CallSphere reference architecture

Transcoding in the AI voice context means converting between codecs (PCMU 8 kHz mu-law to PCM16 16 kHz to Opus 48 kHz, etc.) along the audio path. Pure transcoding is cheap on modern CPUs - a few percent of a core per call - but the operations layered on top (resampling, jitter buffering, WebSocket framing, base64 encoding for Twilio Media Streams JSON envelopes, TLS for WSS) add up.

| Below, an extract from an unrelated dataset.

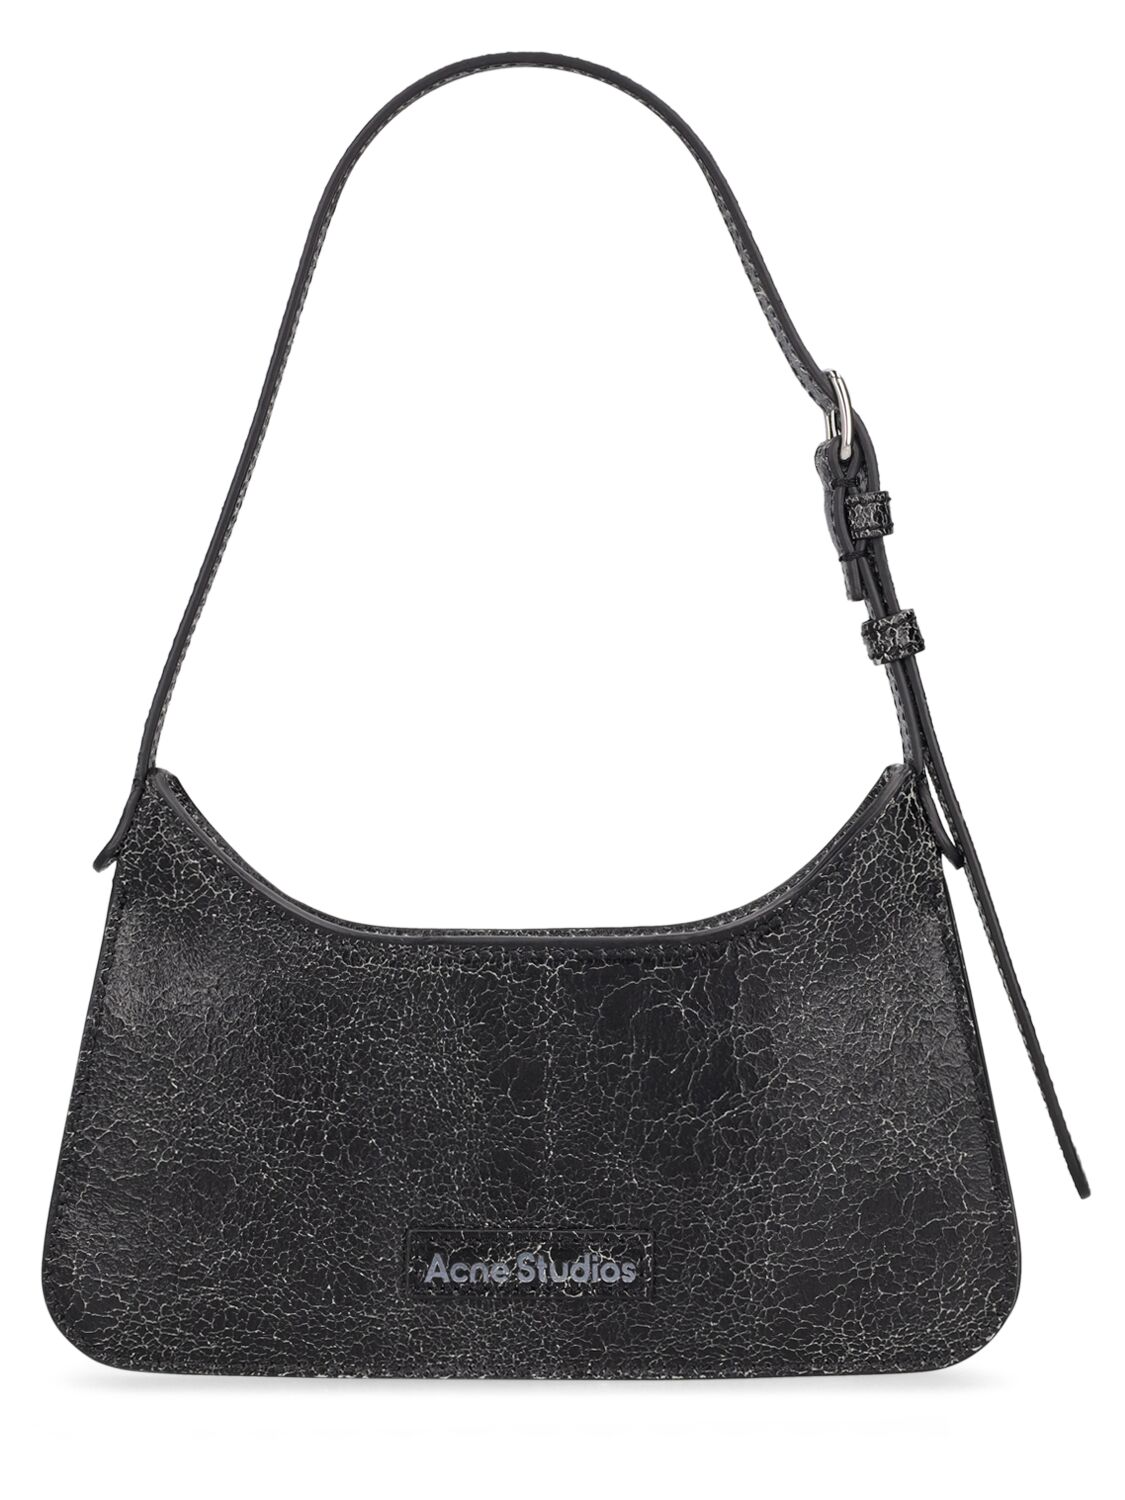 Acne Studios Micro Platt Crackle Leather Shoulder Bag In Black
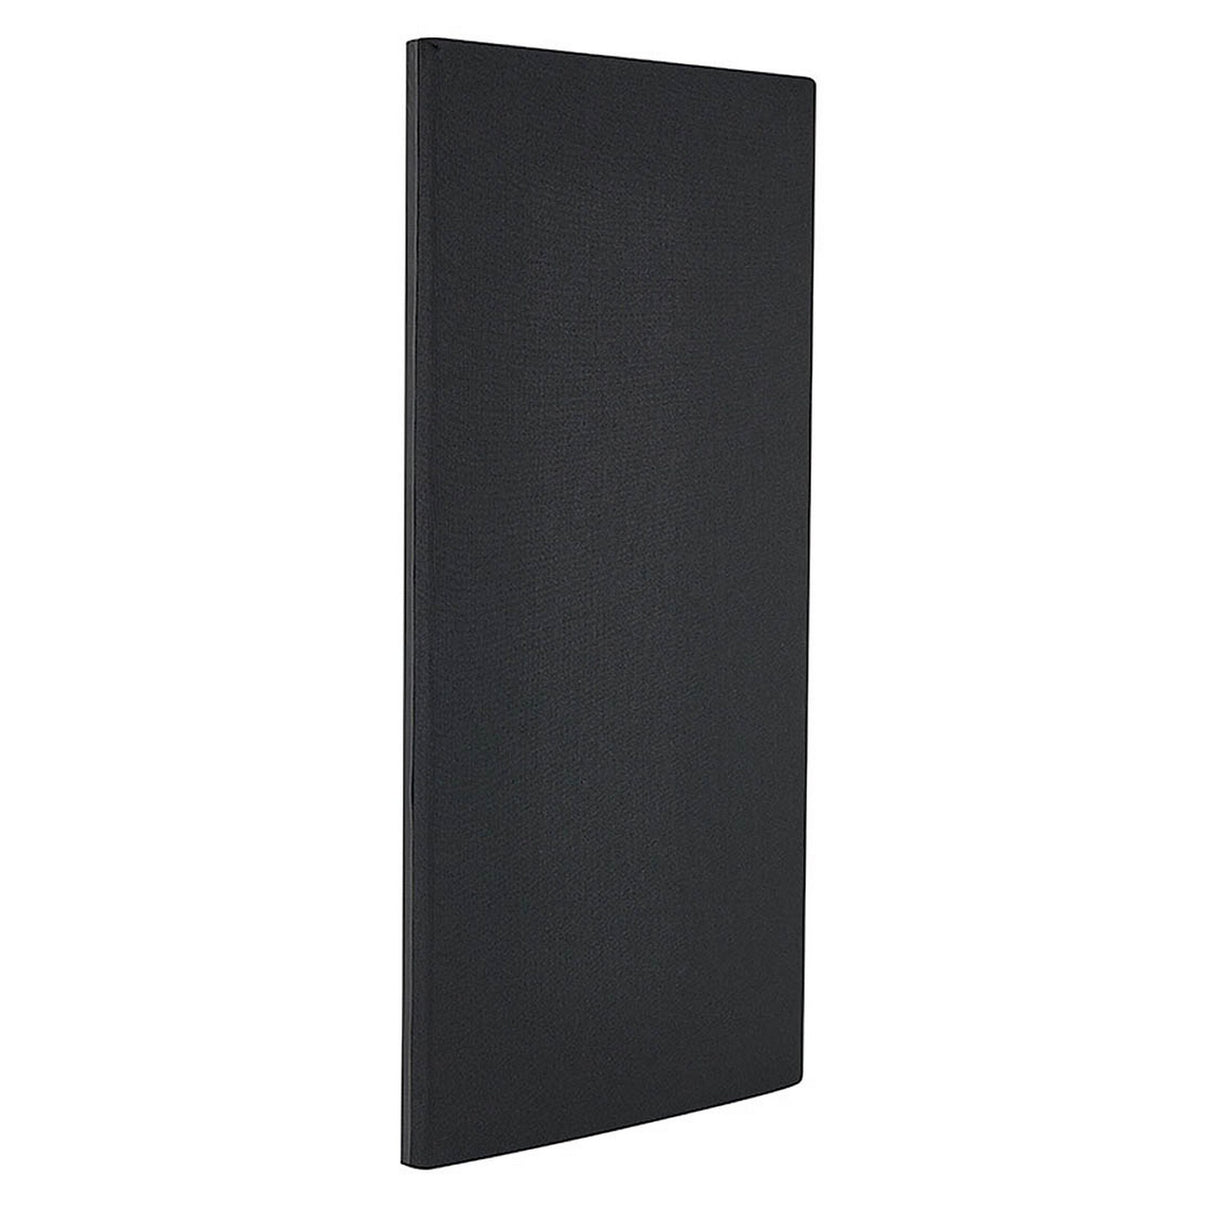 GeerFab MultiZorber OC703DR 24 x 48 Inch Acoustic Panel, Black

Where the transcoding happens matters more than people expect. Central placement (one big bridge cluster near your GPU model server) is operationally simple but expensive: every call's audio crosses the public internet twice (carrier-to-bridge, bridge-to-model). Edge placement (transcode near the carrier or in the carrier's region) keeps the heavy media-shuffling close to the source and only sends the model-friendly format over the long haul.

## Technical deep-dive

The CPU breakdown for one inbound call from PSTN to OpenAI Realtime:

| Step | CPU % per core per call (typical) |
| --- | --- |
| RTP receive + de-jitter | 0.3% |
| PCMU mu-law decode to PCM16 | 0.1% |
| Resample 8 kHz to 16 kHz | 0.4% |
| Optional resample to 24 kHz for Realtime | 0.3% |
| WebSocket framing + TLS | 0.5% |
| JSON envelope (Twilio Media Streams) | 0.4% |
| Base64 encode | 0.2% |
| Total inbound | ~2.2% |

The reverse path (model to caller) doubles it. Plus tool-call orchestration in your bridge code adds another 1-3% depending on tool density. Realistic budget: 5-8% of a vCPU per concurrent call for the bridge alone.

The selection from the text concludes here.